虽然华浩这番话在语言上并不为村众们所理解,但是华浩却用他无与伦比的神态对这番话做了绝妙的翻译,村众们个个如有神助,全都领会了华浩的意思,一个个被感染得满面桃红,捶胸顿足地喊:“不会,不会!你不会离开,不会死,你永远活动在我们每个人的身体上!”

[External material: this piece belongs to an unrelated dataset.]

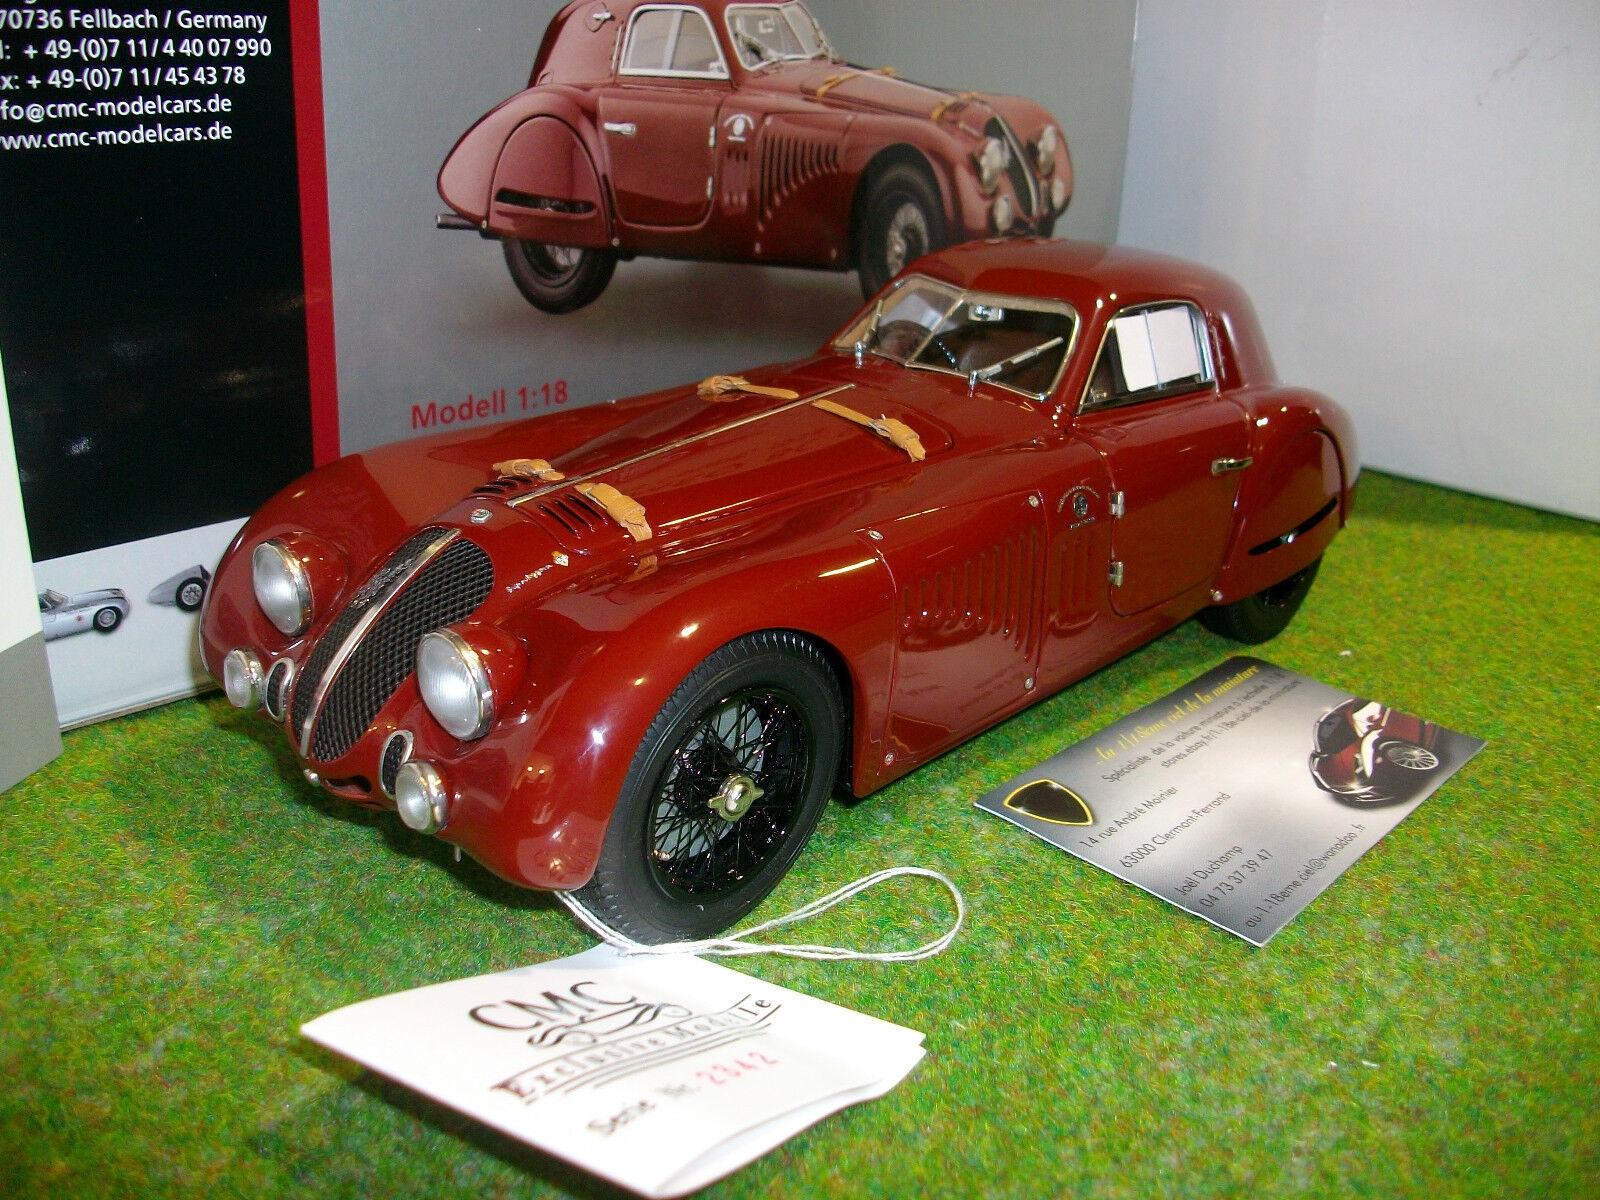 ALFA ROMEO 8C 2900B SPECIALE TOURING coupé bordeaux de 1938 au 1 18 CMC M107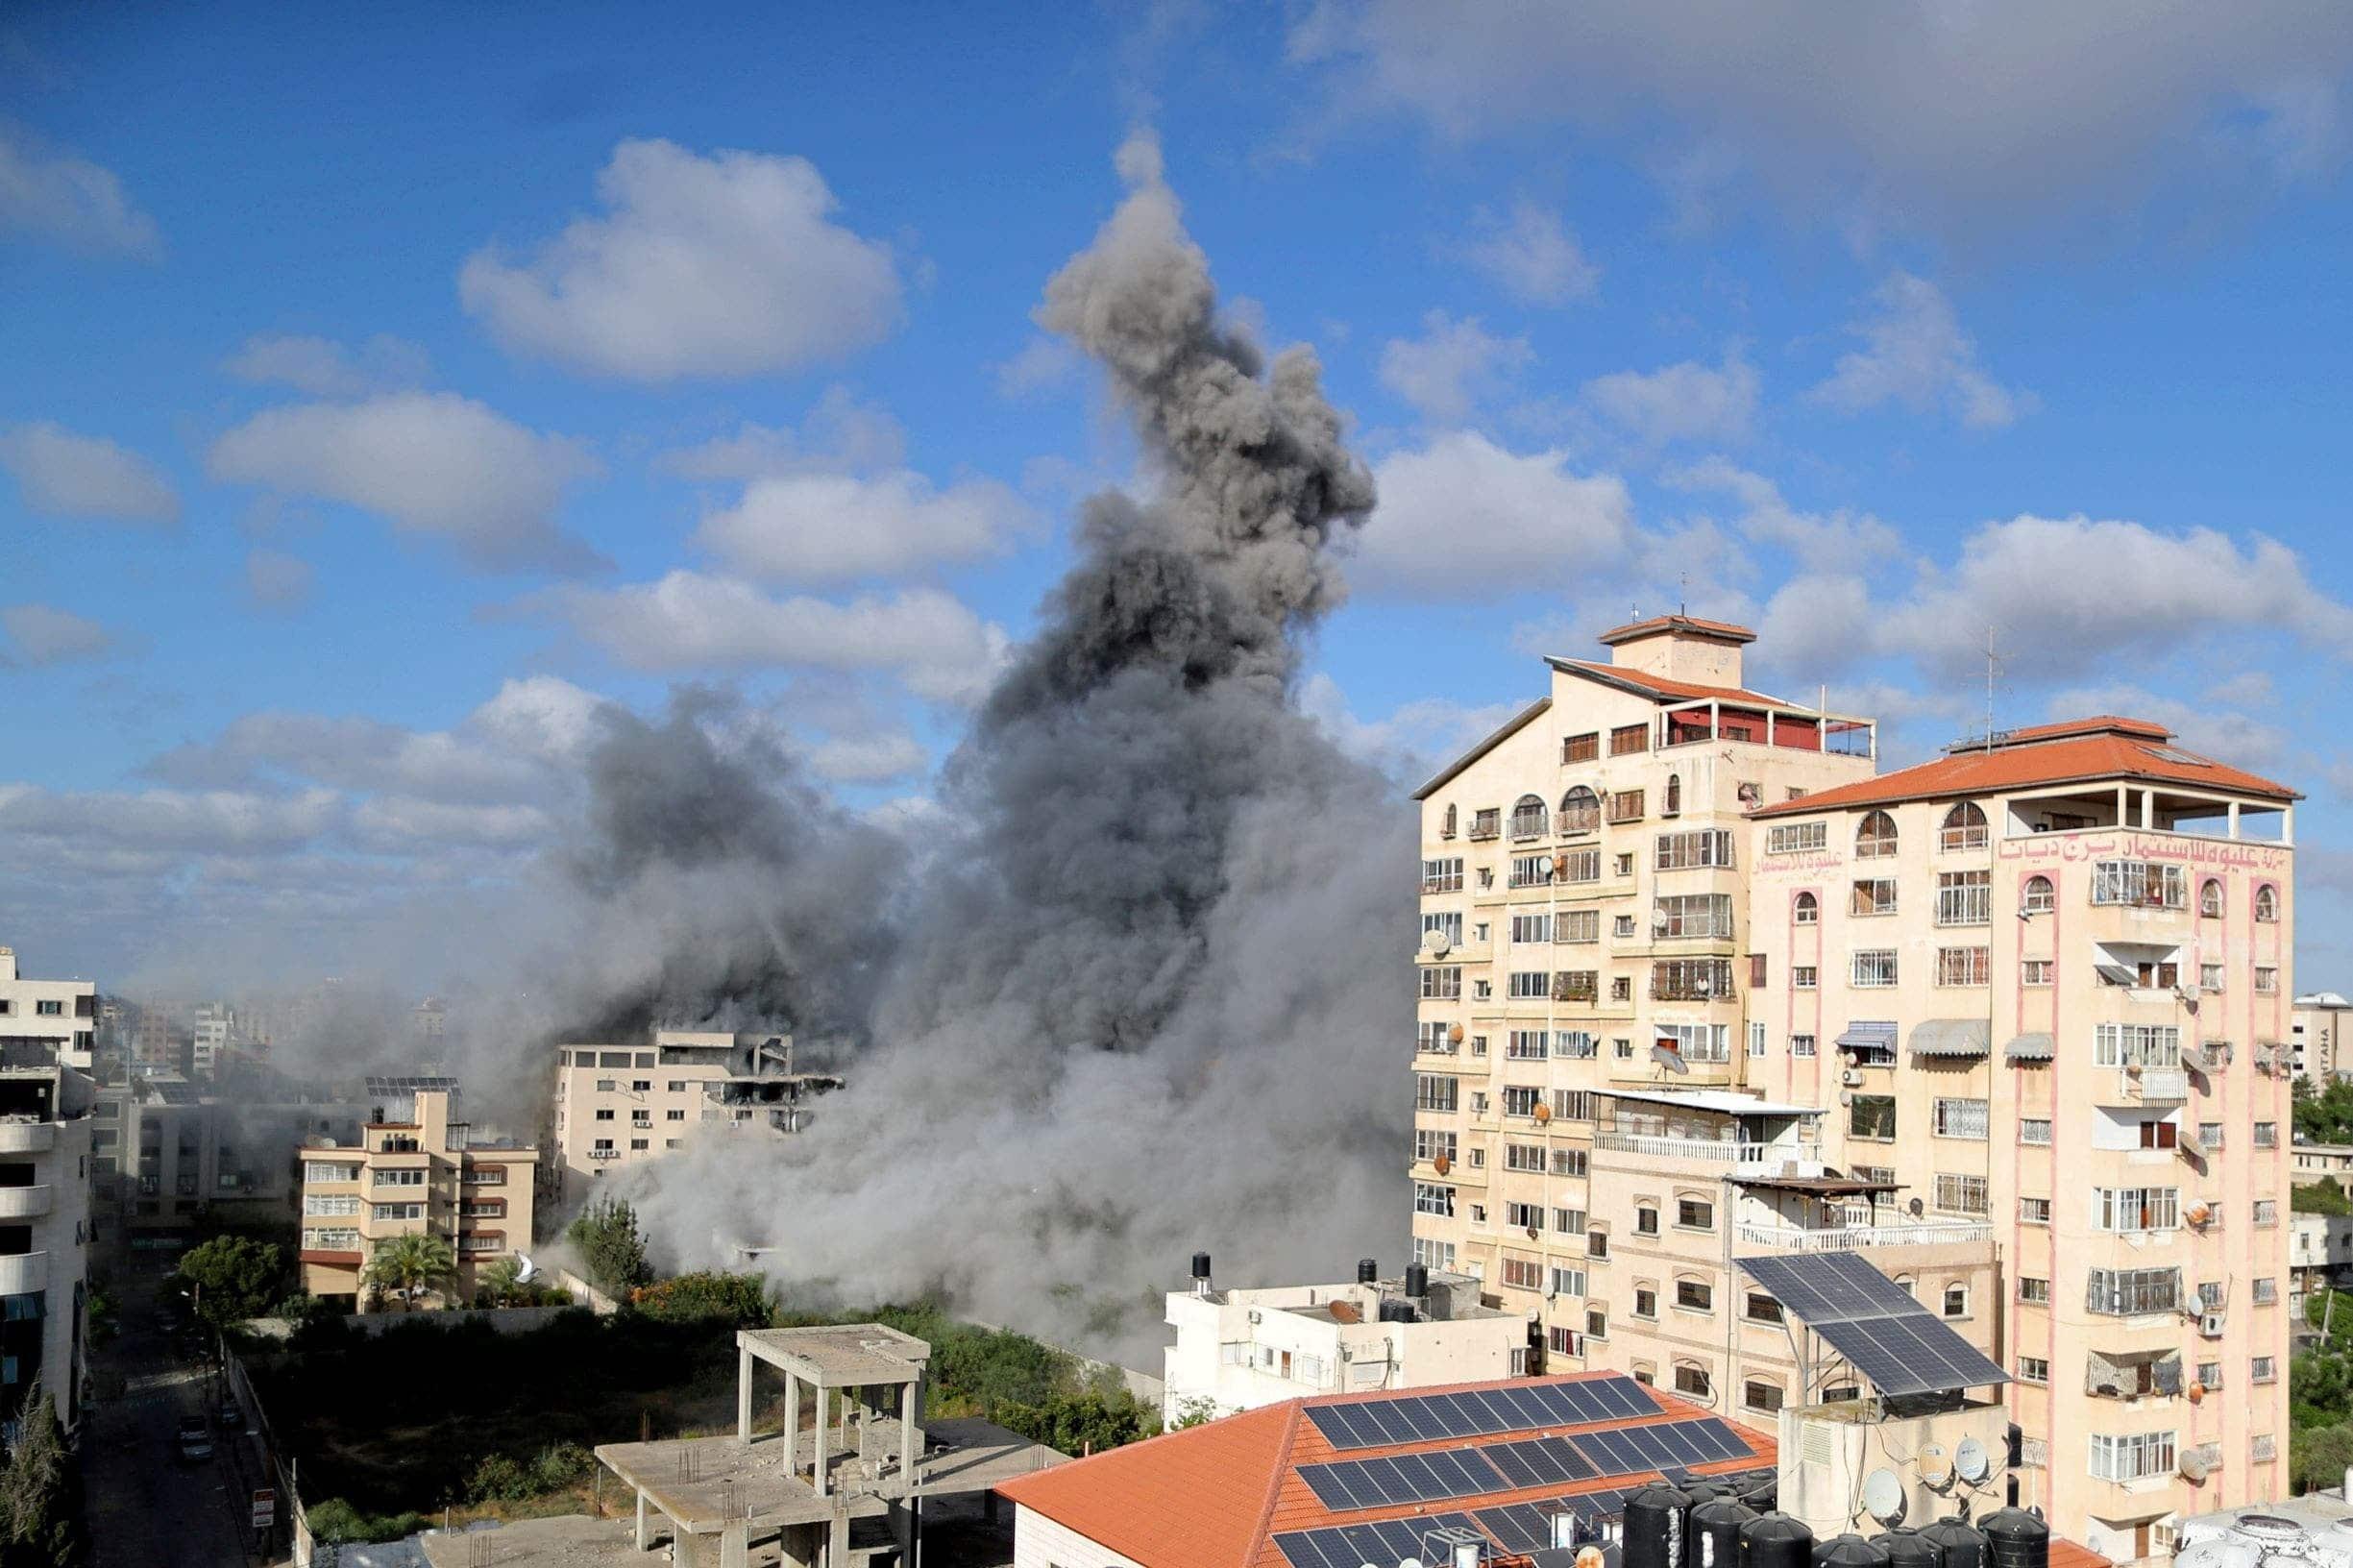 إسرائيل دمرت (184) برجاً ومنزلاً في غزة ونفذت أكثر من (1800) غارة جوية والخسائر فادحة

华浩暗暗运了一下气,发现还有很多正气,于是又正气凛然地说道:“乡亲们拉!我谢谢你们的信任,你们的信任就是老天给我的信任,这将使我增添万倍的豪气和激情,我将斩尽所有的荆棘,直面所有的死亡,为了老天爷给我的使命,我,华浩,一万年以后可以不活,但是,现在,我必须和你们大家一起,好好地活着,带领大家一生一世!带领大家永远不死!不过,可能事业大成之前必定要受些波折,既然你们如此信任我,我也就可以和你们掏心掏肺了,由于我们事业的完成有时候还必须依赖尘世,所以虽然我的身心永远和你们在一起,但是我的俗体有时候还必须在尘世活动一下,而我现在在尘间就遇到了一些麻烦,一个俗人最近总是对我纠缠不息,也还有一些俗务未了,我这次显身出来就是要来告诉你们,我必须回去将这些俗人俗务做一番彻底清理,然后我将不受任何尘缘牵挂,全身心投入我们的事业,也就是说,我们的事业现在要经历一场火山爆发前的安静、高潮来临前的窒息。在这个阶段,大家可以养饿蓄乏,不安其所,喝点稀粥,吃点野菜,将肚子弄得空空的,等着爆发后再暴饮暴食、大快朵颐吧!当然,前次村民大会下达的指令要有条不紊地继续执行,那些有外出打工尚未返家的家人的乡亲,请尽快督促他们回家。否则,我将建议万岭村长开除其苦根村村籍。大家听明白了没?”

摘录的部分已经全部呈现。